Environmental factors that influence
evapotranspiration are sunlight, temperature, humidity and wind. Often
leaves take on a wilted, dull appearance after a strong wind, probably
because of low humidity, high temperature, intense sunlight and mechanical
injury.
Large landscape plants use more water
than does grass. Solid plantings of trees and shrubs use 10-20% more water
than turf, whereas a solitary shrub or tree may use 2-3 times as much water
as a comparable area of turf because it has greater exposure to sun and
wind.
Evapotranspiration varies greatly during
the year for evergreens and turf, but it varies even more for deciduous
plants.

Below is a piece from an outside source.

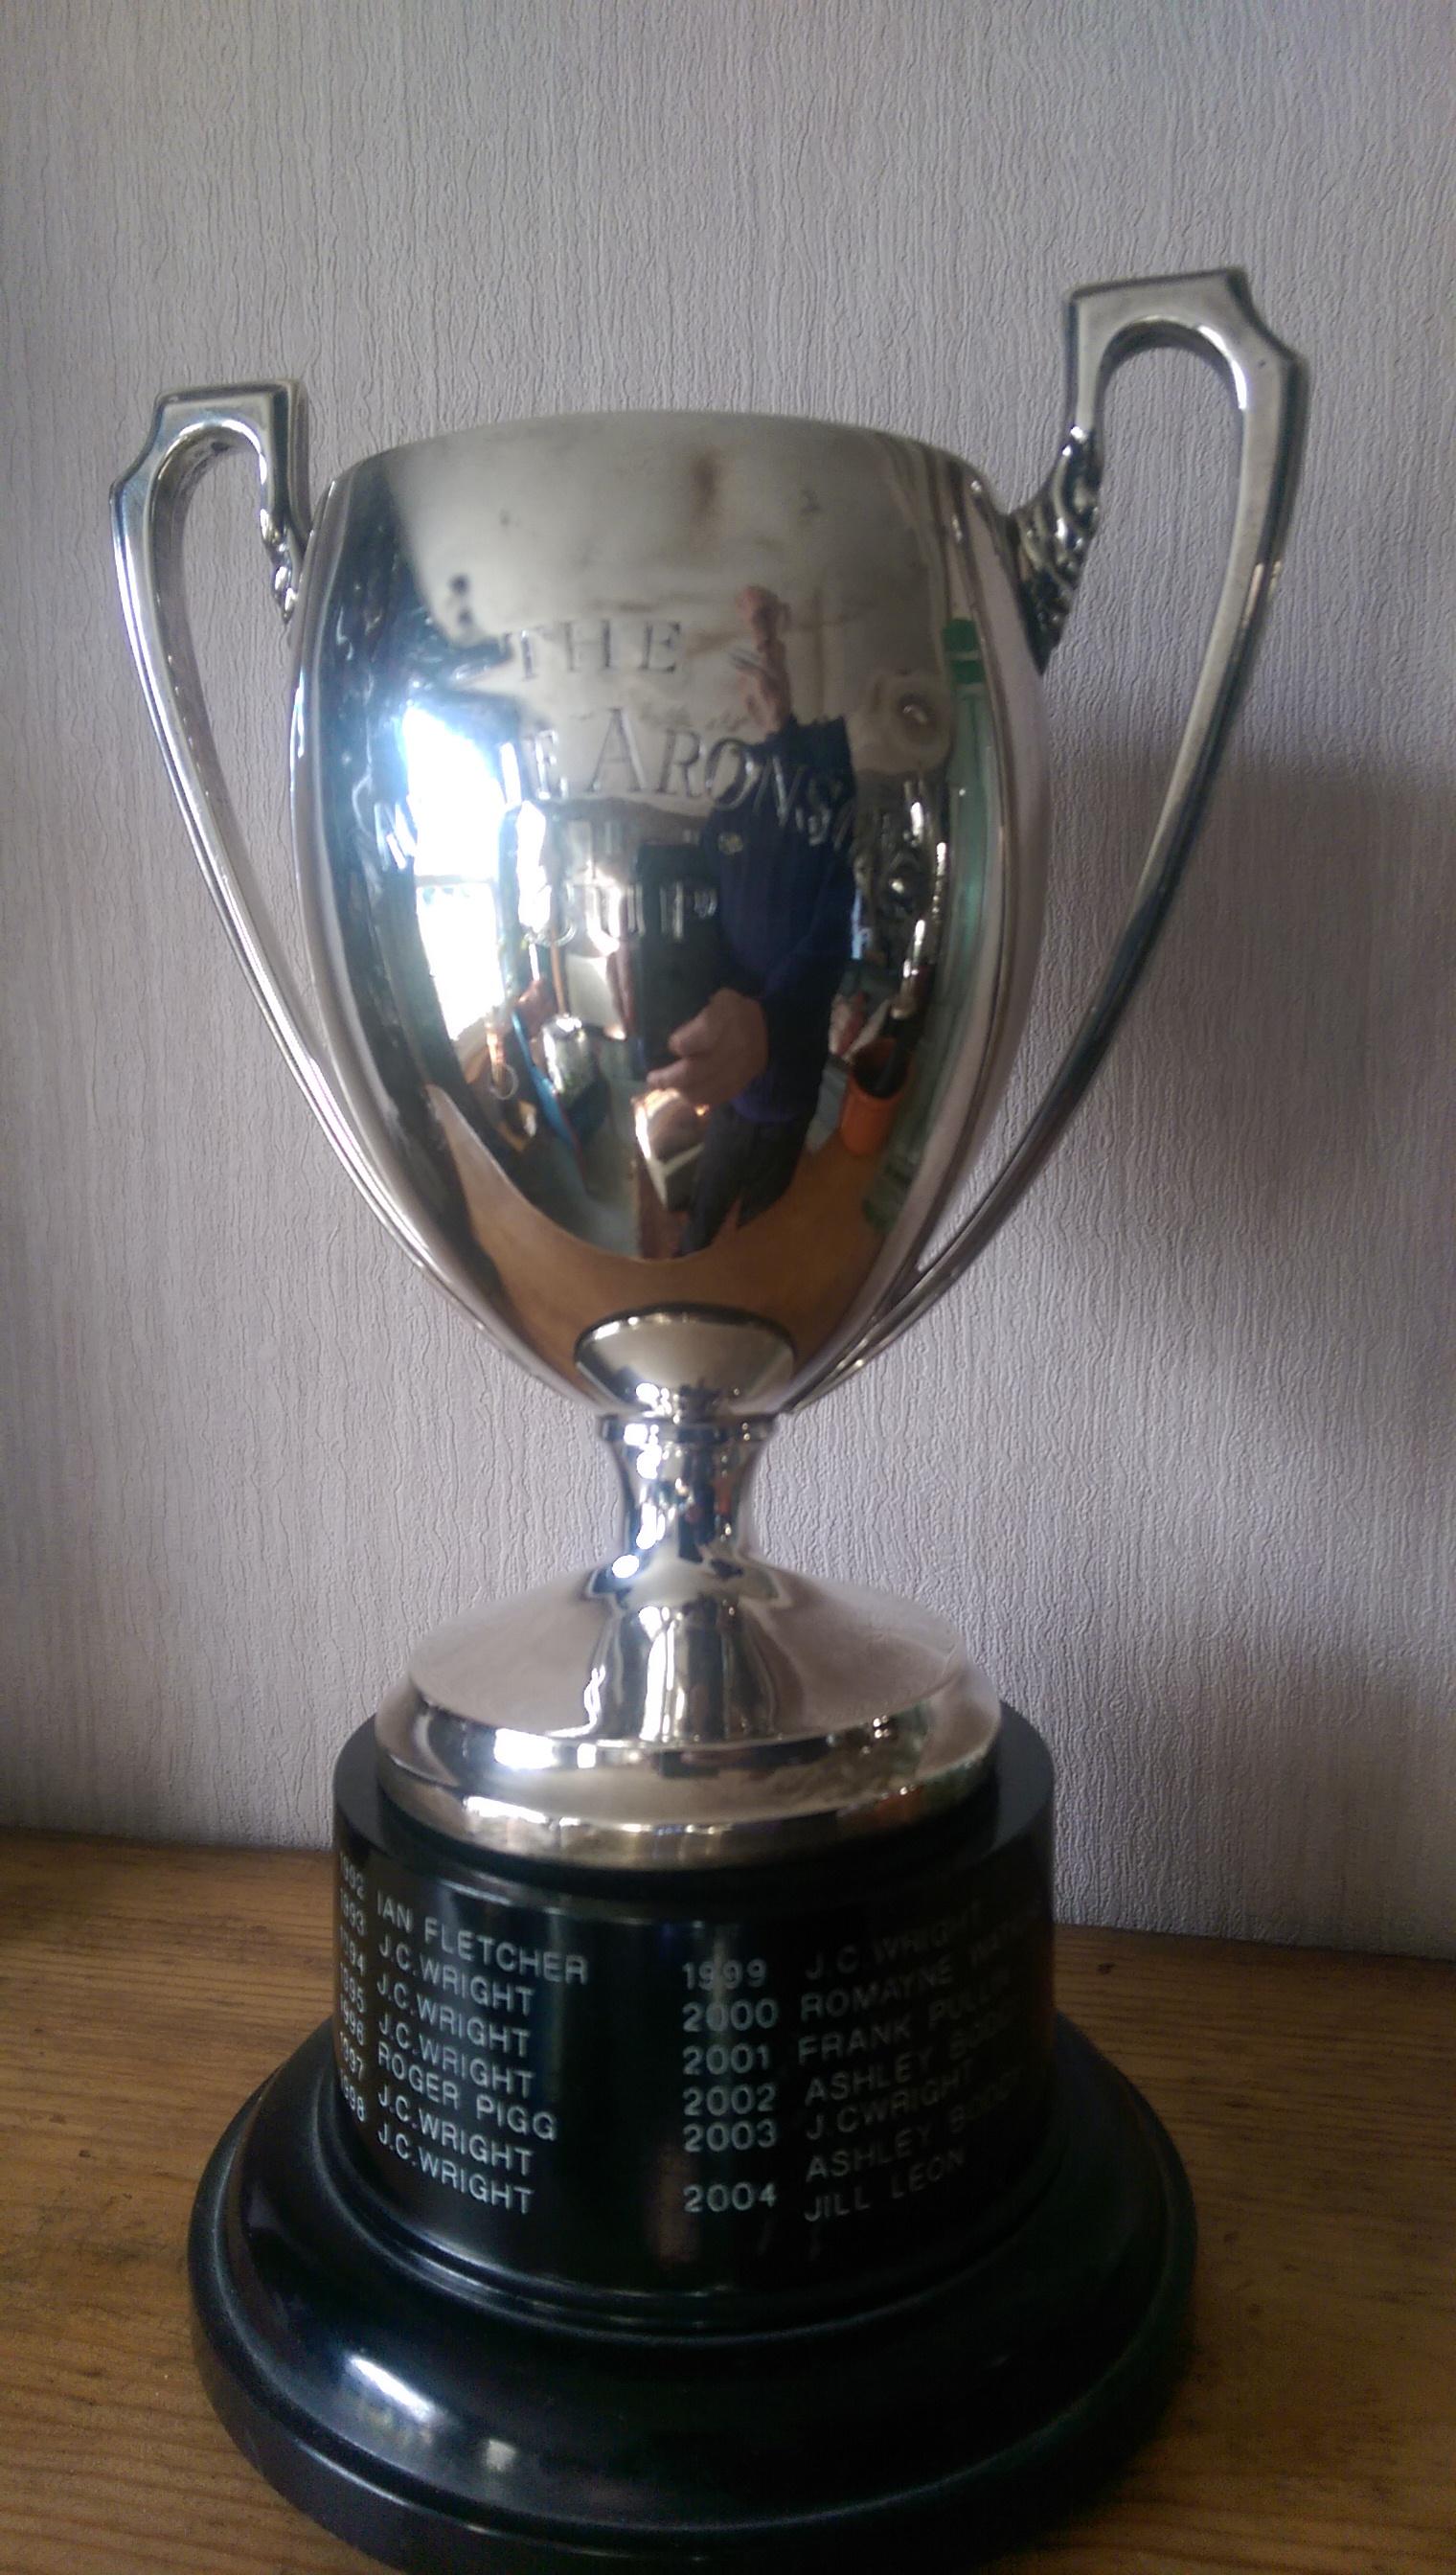 MOLLIE ARONSON CUP

In summer, deciduous plants may use 40% more water per day than
broadleaved evergreens of similar size.
Let Your Plants Tell You When to Water
Turf is too dry when:
•turf on high spots and/or south slopes
starts to show some chlorosis or turns bluish-gray in color;
•footprints remain in grass long after
being made;
•soil from the root zone is dry or
powdery;
•no rain has occurred for about one
week and hot, dry, sunny, windy weather persists.
Woody plants are obviously too dry when:
•leaves that were shiny become dull;
•bright green leaves fade to gray-green;
•leaves begin to wilt or curl;
•dead areas appear on the edges of
leaves.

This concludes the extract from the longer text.